Candied walnuts make a sweet addition to salads with Gorgonzola

Ask the Chef

July 21, 2002|By Jim Coleman and Candace Hagan | By Jim Coleman and Candace Hagan,Knight Ridder / Tribune

Q. How do I make the sugar-coated walnuts that are often paired with Gorgonzola in certain salads? I love that combination of sweet and sharp flavors.

A. If you're starting your meal with a baby arugula and grape tomato salad topped with Gorgonzola and candied walnuts, I just can't wait to hear about the entree.

Maybe in the back of your mind you're dreaming about your own restaurant -- a nice little romantic place with a blackboard menu.

Or maybe you're just thinking: No, dumbbell, I just want to make candied walnuts.

Here's what you want to do.

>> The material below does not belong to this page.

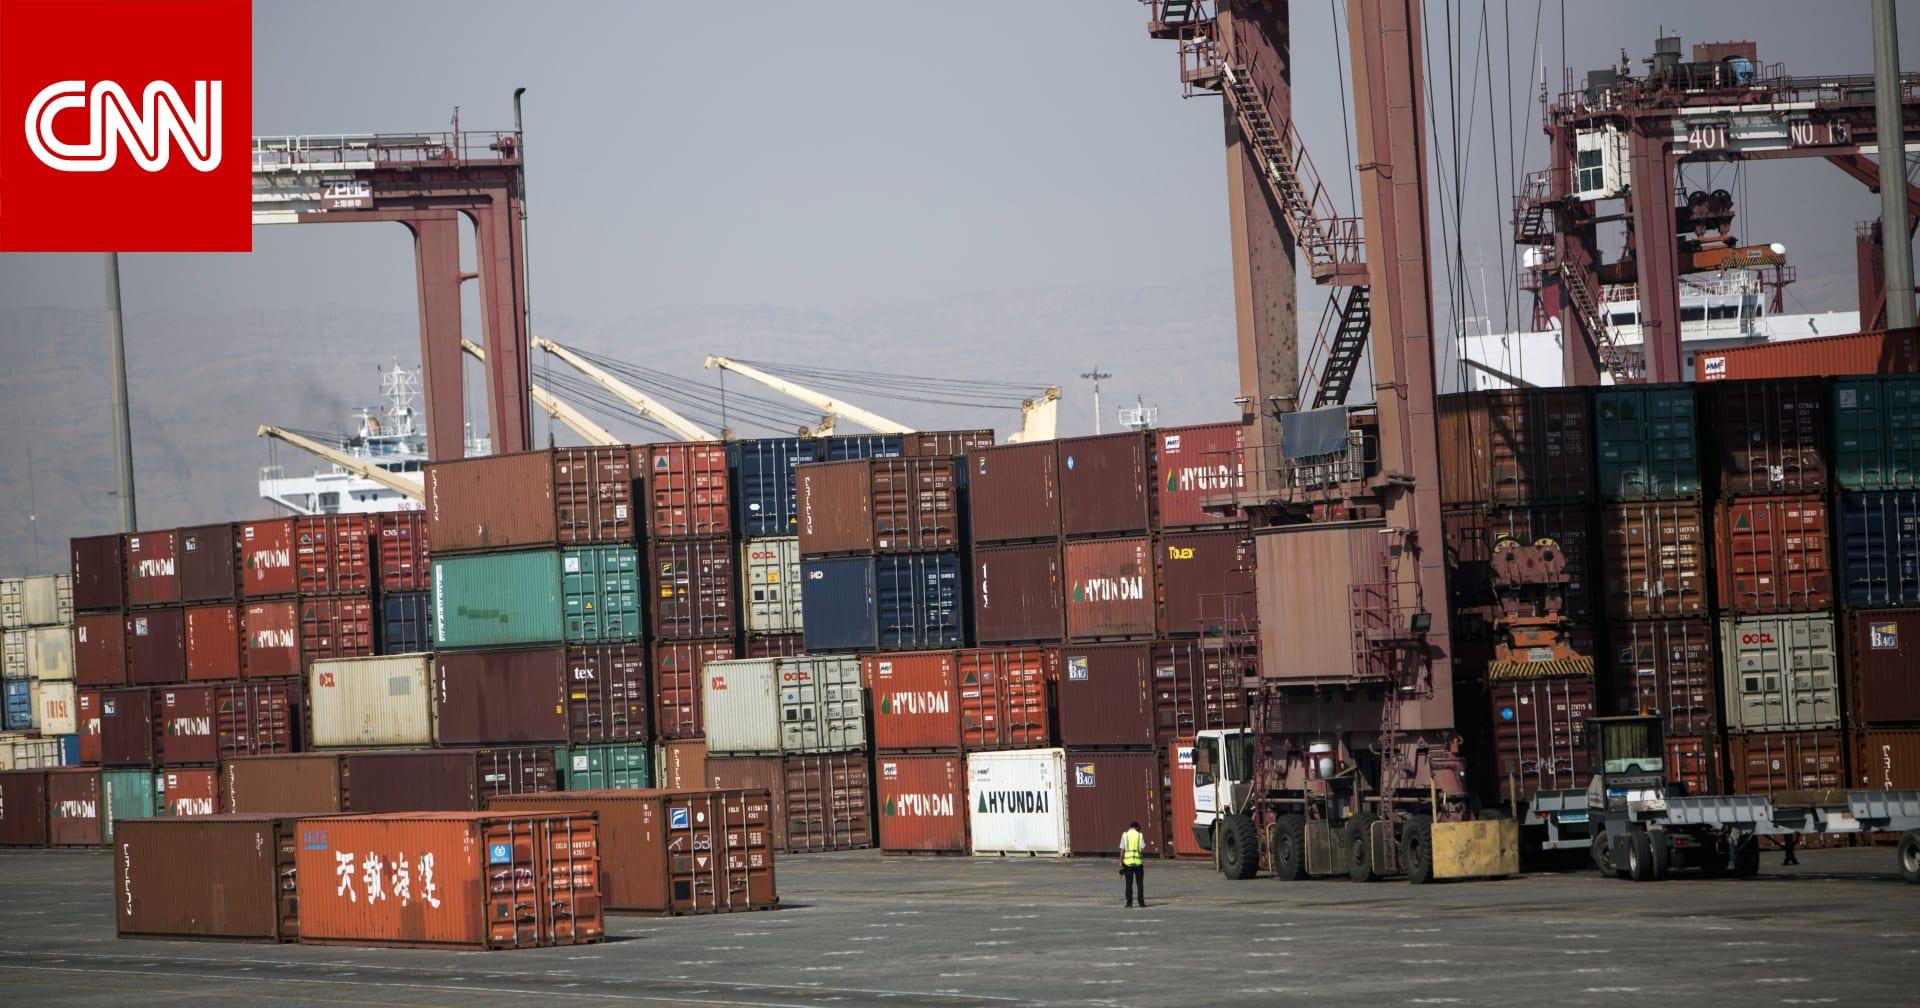 مسؤول إيراني يكشف حجم التبادل التجاري مع دول الجوار.. والسعودية لم تبع طهران سلعة واحدة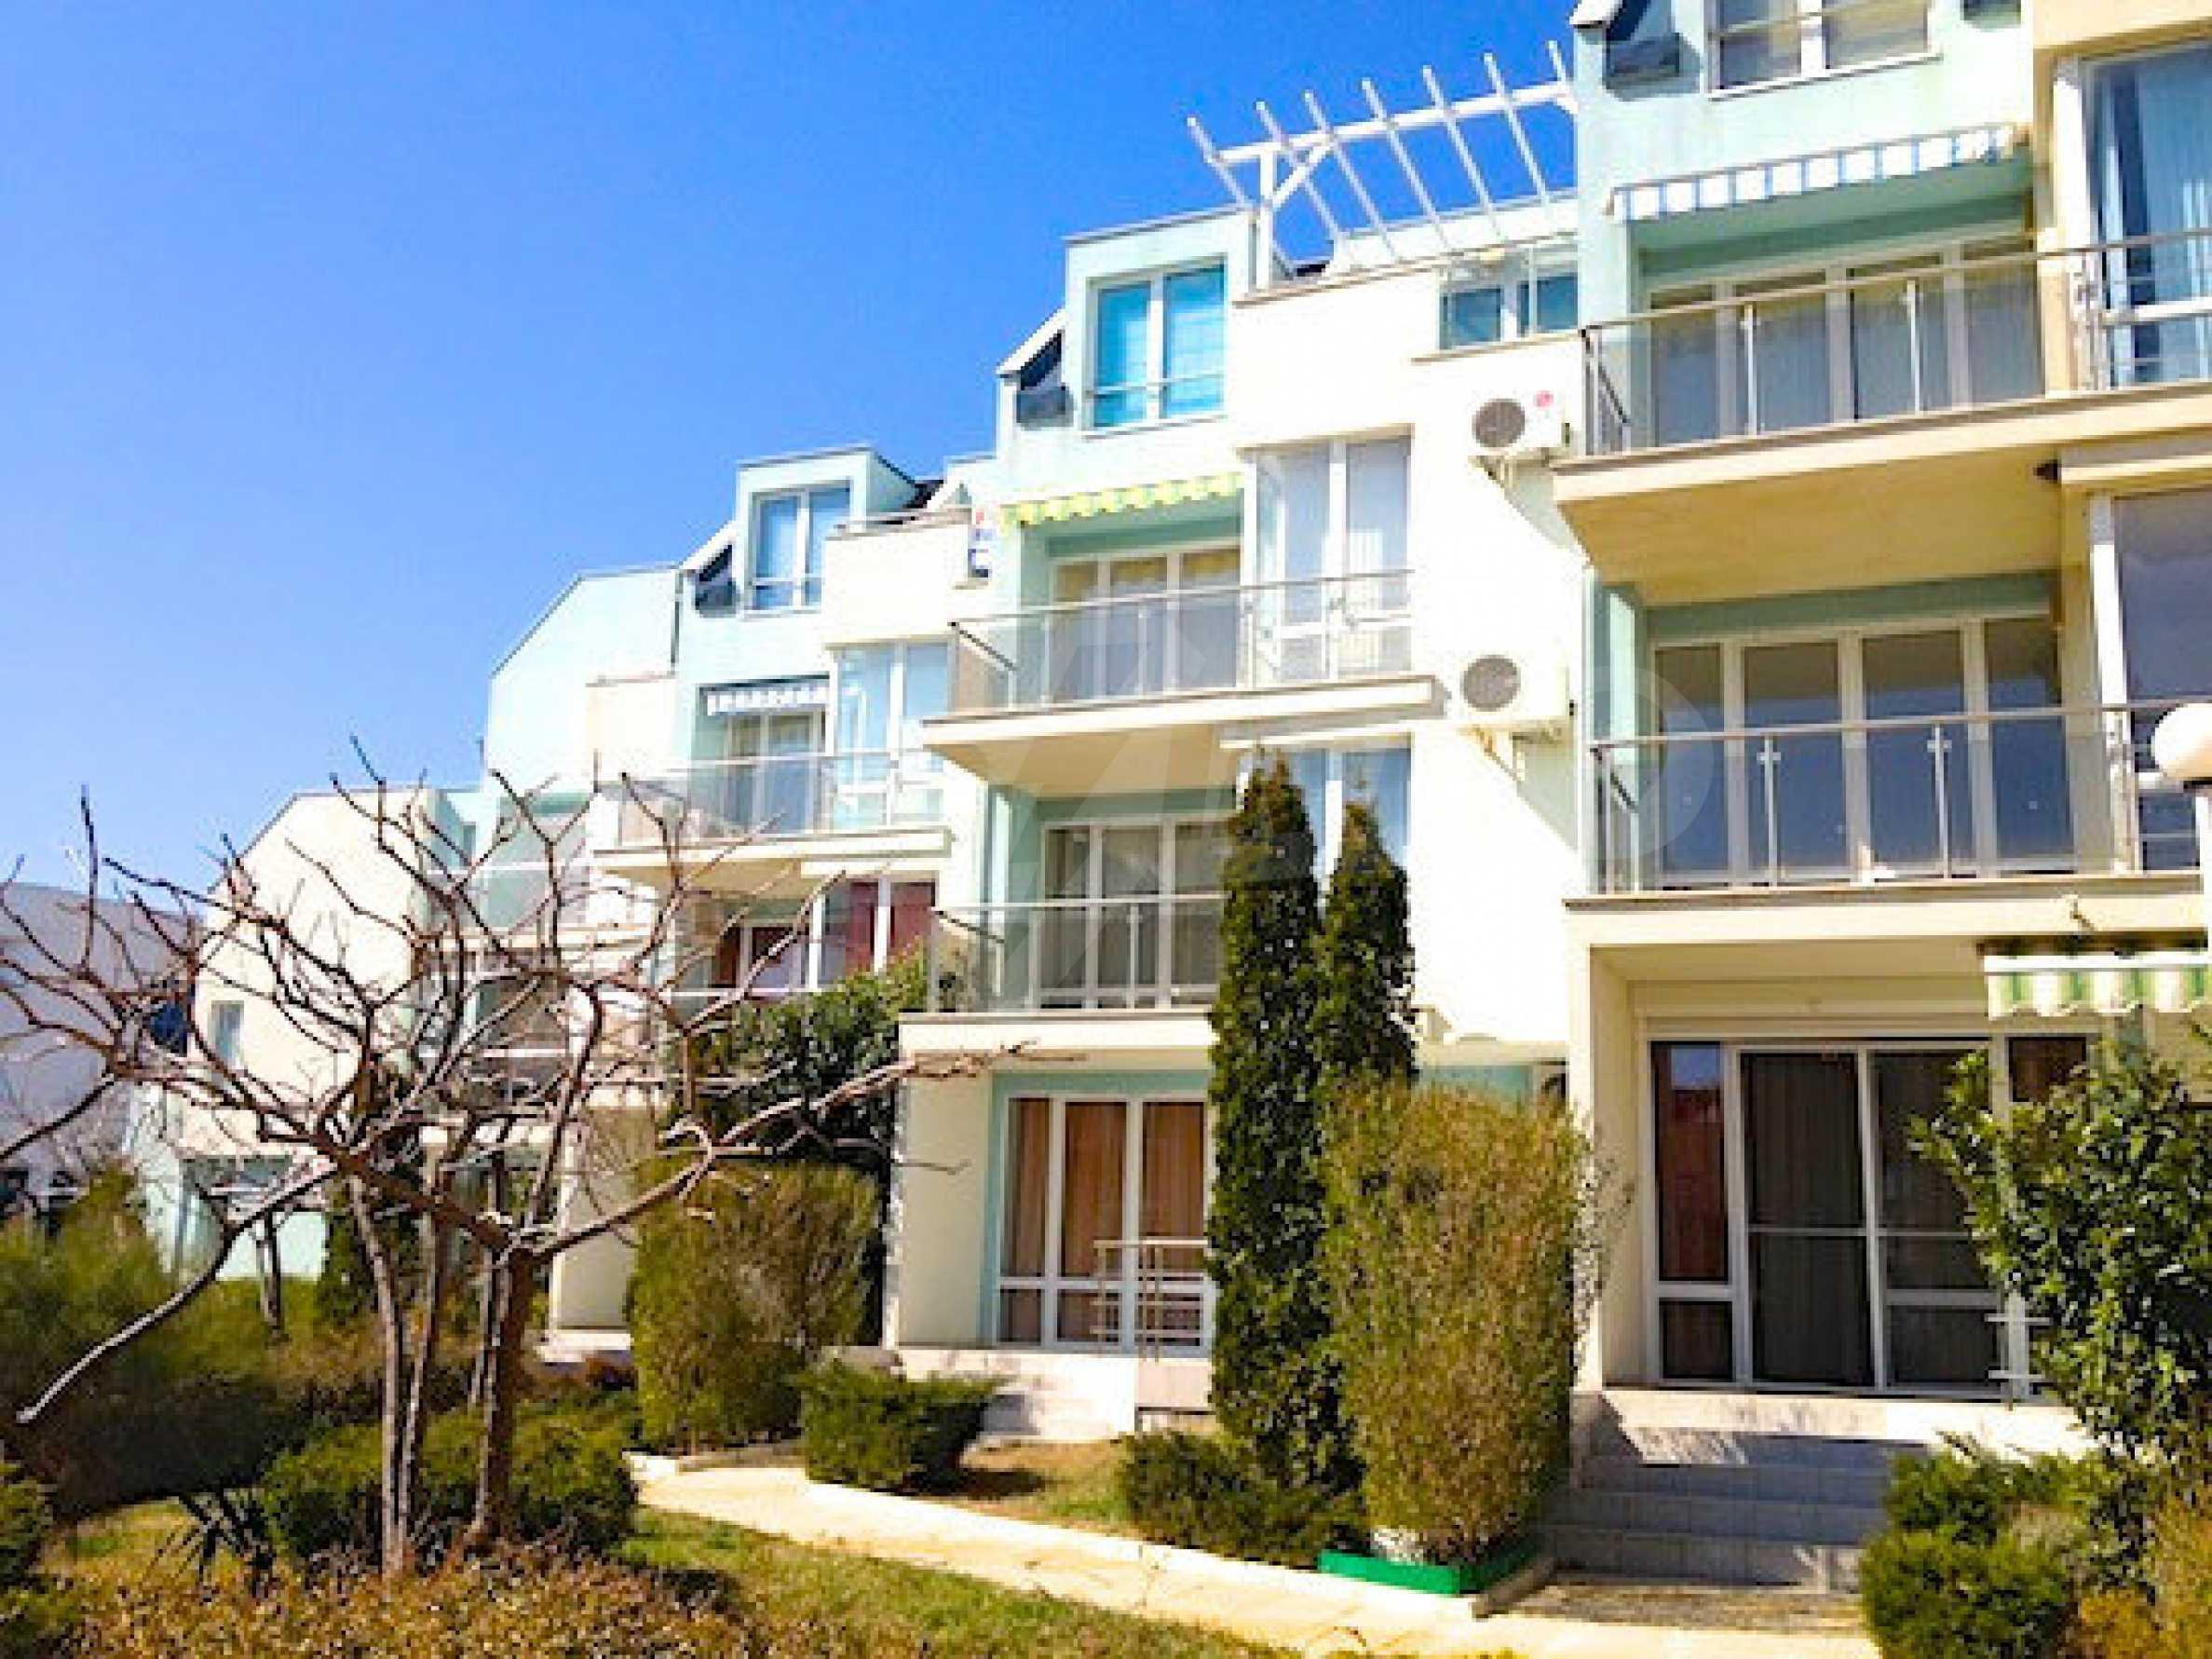 Zwei-Zimmer-Wohnung in einem Komplex 50 Meter vom Meer entfernt 14

Toast about a pound of shelled walnuts in a 350-degree oven for about 15 minutes. Then in a large saucepan, add 1 1/2 cups of sugar, a pinch of cinnamon, 3/4 cup water and a little bit of salt.

Cook this mixture until it reaches what we call the soft-ball stage, which is right around 240 degrees. At this point, add 1 teaspoon of vanilla and the toasted walnuts.

Stir well until the walnuts are well coated and then spread them on a cookie sheet. Once they are cool, you can separate them and then they are ready for your salad.

You can substitute pecans for walnuts if you want, and if you haven't snacked too much while you are making your salad, you can store any that are left over in an airtight container.

Q. I love to entertain in the summer and have some great barbecue recipes, but I seem to make the same things all the time. I have been thinking about barbecuing a ham -- first cubing it and then grilling it. I was either going to prepare it in some sort of honey-pineapple marinade or grill it first and serve with a dipping sauce. Do you have any ideas about how I can do this?

A. I like your idea of cubing it. What I would do is to cut 1-inch cubes and skewer them by themselves. Then I would make up some skewers of red, green, and yellow bell peppers cut in a similar size, and also some skewers of cubed pineapple.

Make a glaze out of pineapple juice, soy sauce, freshly chopped garlic and a little honey, and baste all your skewers with this mixture while grilling. The advantage of skewering each ingredient separately is that some items take longer to cook than others.

As each skewer is done, pull it off and keep it warm while the rest are finishing up.

I can see serving your skewers of ham, peppers and pineapple with herbed rice pilaf and some Asian coleslaw. Hey, this is sounding pretty good.

Jim Coleman is executive chef at the Rittenhouse Hotel in Philadelphia, a cookbook author, and host of television and radio cooking shows.